A Python package for Koopman theory using deep learning.

Overview

Koopman theory is a mathematical technique to achieve data-driven approximations of nonlinear dynamical systems by encoding them into a linear space. dlkoopman uses deep learning to learn such an encoding, while simultaneously learning the linear dynamics.

Key features

  • State prediction (StatePred) - Train on individual states (snapshots) of a system, then predict unknown states.
    • E.g: What is the pressure vector on this aircraft for $23.5^{\circ}$ angle of attack?
  • Trajectory prediction (TrajPred) - Train on generated trajectories of a system, then predict unknown trajectories for new initial states.
    • E.g: What is the behavior of this pendulum if I start from the point $[1,-1]$?
  • General and reusable - supports data from any dynamical system.
  • Novel error function Average Normalized Absolute Error (ANAE) for visualizing performance.
  • Extensive options and a ready-to-use hyperparameter search module to improve performance.
  • Built using Pytorch, supports both CPU and GPU platforms.

Why dlkoopman?

We bridge the gap between a) software packages that restrict the learning of a good linearizable encoding (e.g. pykoopman), and b) efforts that learn encodings for specific applications instead of being a general tool (e.g. DeepKoopman).

Installation

With pip (for regular users)

pip install dlkoopman

From source (for development)

git clone https://github.com/GaloisInc/dlkoopman.git
cd dlkoopman
pip install .

Tutorials and examples

Available in the examples folder.

Documentation and API Reference

Available at https://galoisinc.github.io/dlkoopman/.

Description

Koopman theory

Assume a dynamical system $x_{i+1} = F(x_i)$, where $x$ is the (genrally multi-dimensional) state of the system at index $i$, and $F$ is the (generally nonlinear) evolution rule describing the dynamics of the system. Koopman theory attempts to encode $x$ into a different space $y = g(x)$ where the dynamics are linear, i.e. $y_{i+1} = Ky_i$, where $K$ is the Koopman matrix. This is incredibly powerful since the state $y_i$ at any index $i$ can be predicted from the initial state $y_0$ as $y_i = K^iy_0$. This is then decoded back into the original space as $x = g^{-1}(y)$.

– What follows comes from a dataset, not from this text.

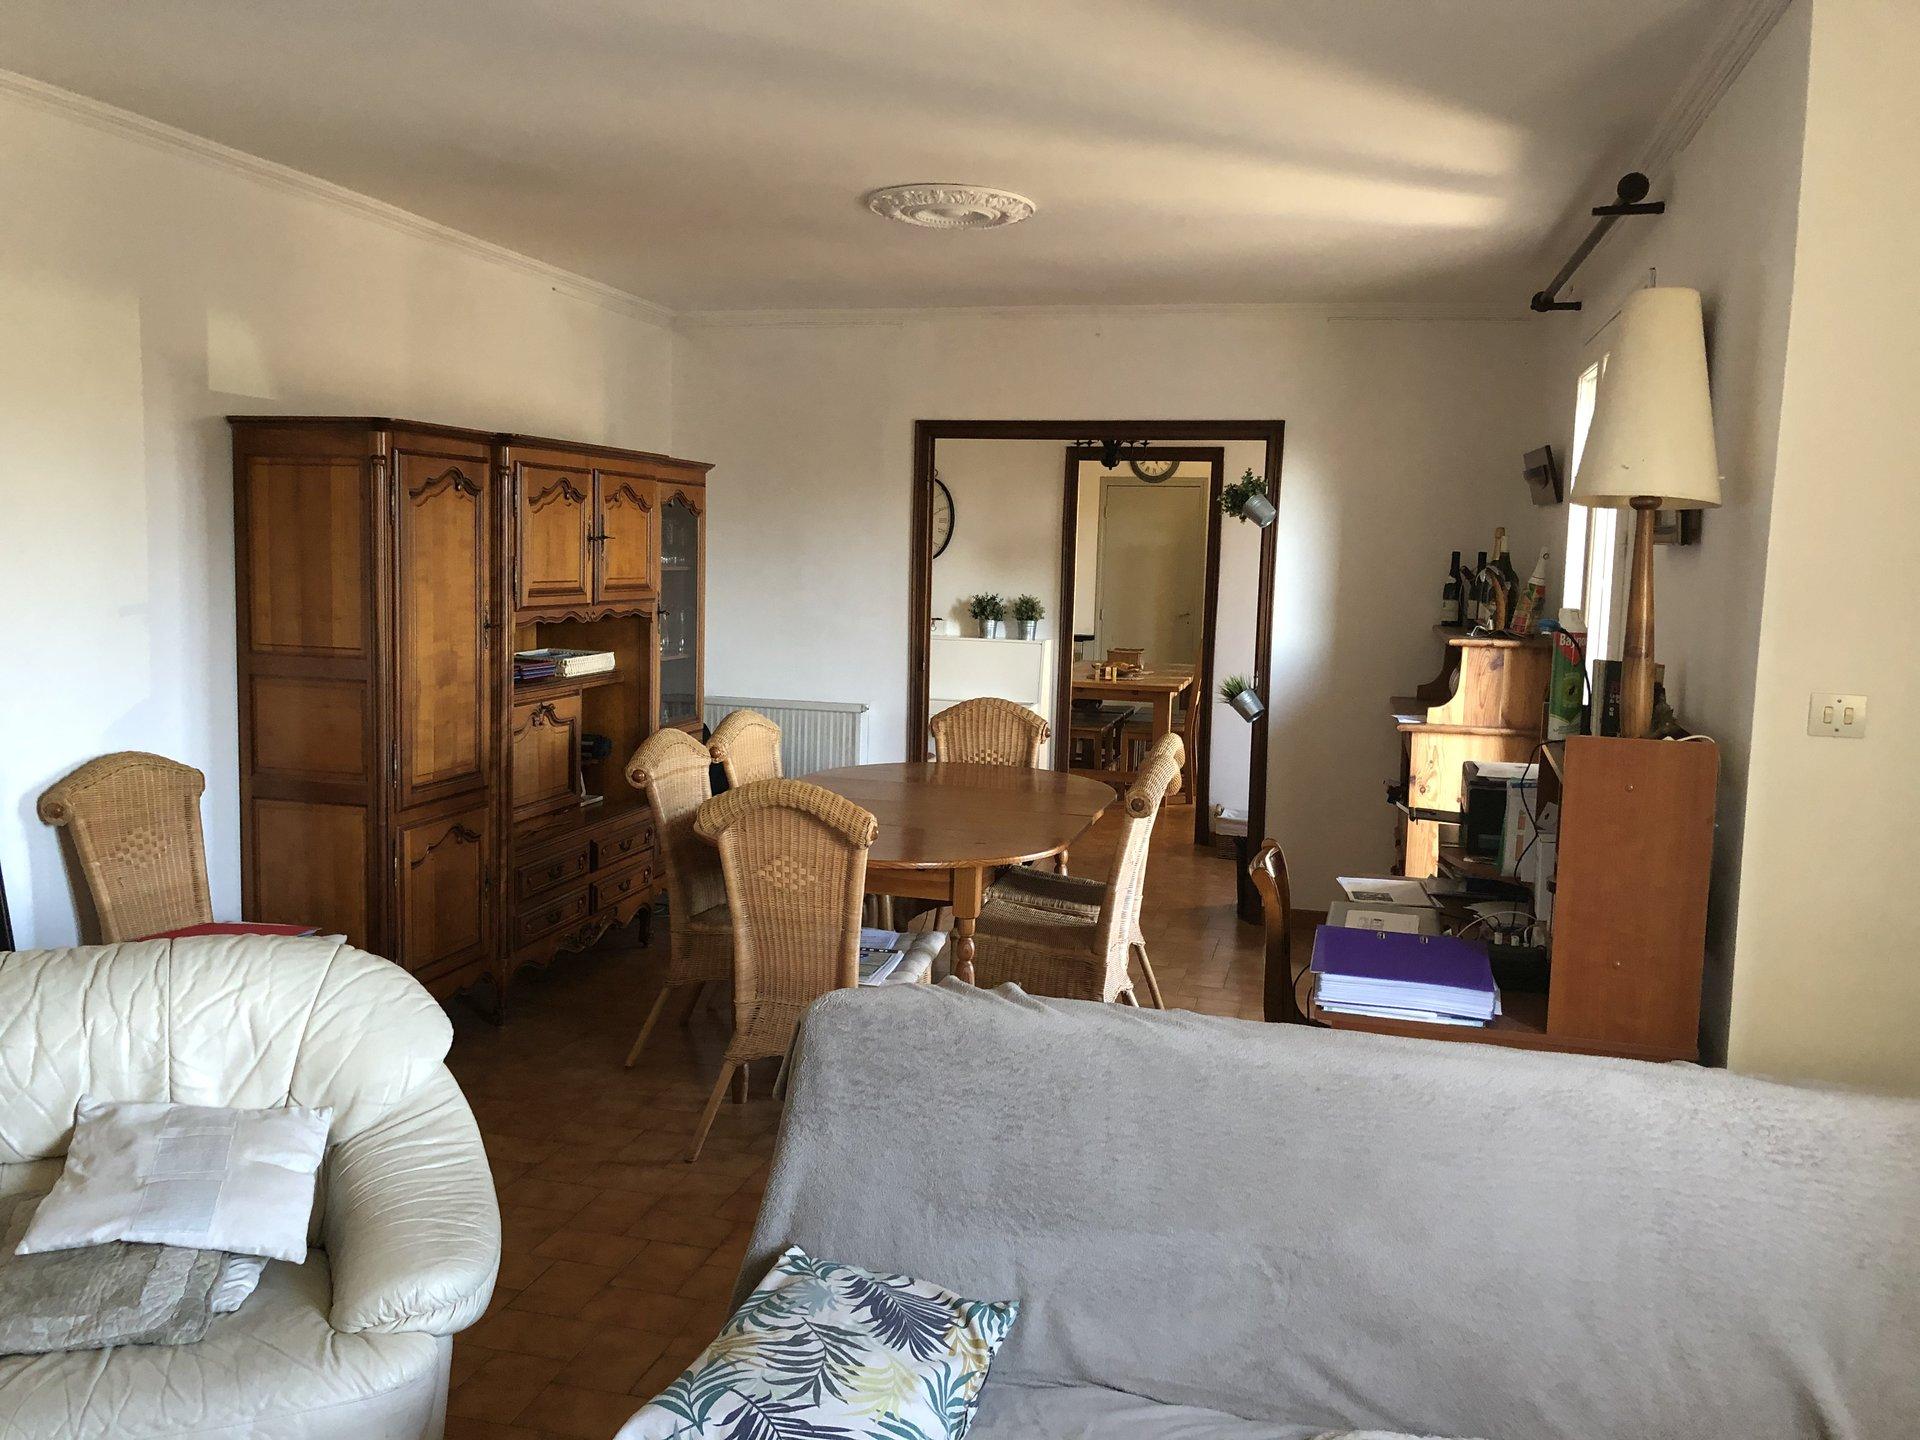 Vente Villa - Entraigues-sur-la-Sorgue

For a thorough mathematical treatment, see this technical report.

dlkoopman training

This is a small example with three input states $\left[x_0, x_1, x_2\right]$. These are passed through an encoder neural network to get encoded states $\left[y_0, y_1, y_2\right]$. These are passed through a decoder neural network to get $\left[\hat{x}_0, \hat{x}_1, \hat{x}_2\right]$, and also used to learn $K$. This is used to derive predicted encoded states $\left[\mathsf{y}_1, \mathsf{y}_2\right]$, which are then passed through the same decoder to get predicted approximations $\left[\hat{\mathsf{x}}_1, \hat{\mathsf{x}}_2\right]$ to the original input states.

Errors mimimized during training:

  • Train the autoencoder - Reconstruction recon between $x$ and $\hat{x}$.
  • Train the Koopman matrix - Linearity lin between $y$ and $\mathsf{y}$.
  • Combine the above - Prediction pred between $x$ and $\hat{\mathsf{x}}$.

dlkoopman prediction

Prediction happens after training.

(a) State prediction - Compute predicted states for new indexes such as $i'$. This uses the eigendecomposition of $K$, so $i'$ can be any real number - positive (forward extapolation), negative (backward extrapolation), or fractional (interpolation).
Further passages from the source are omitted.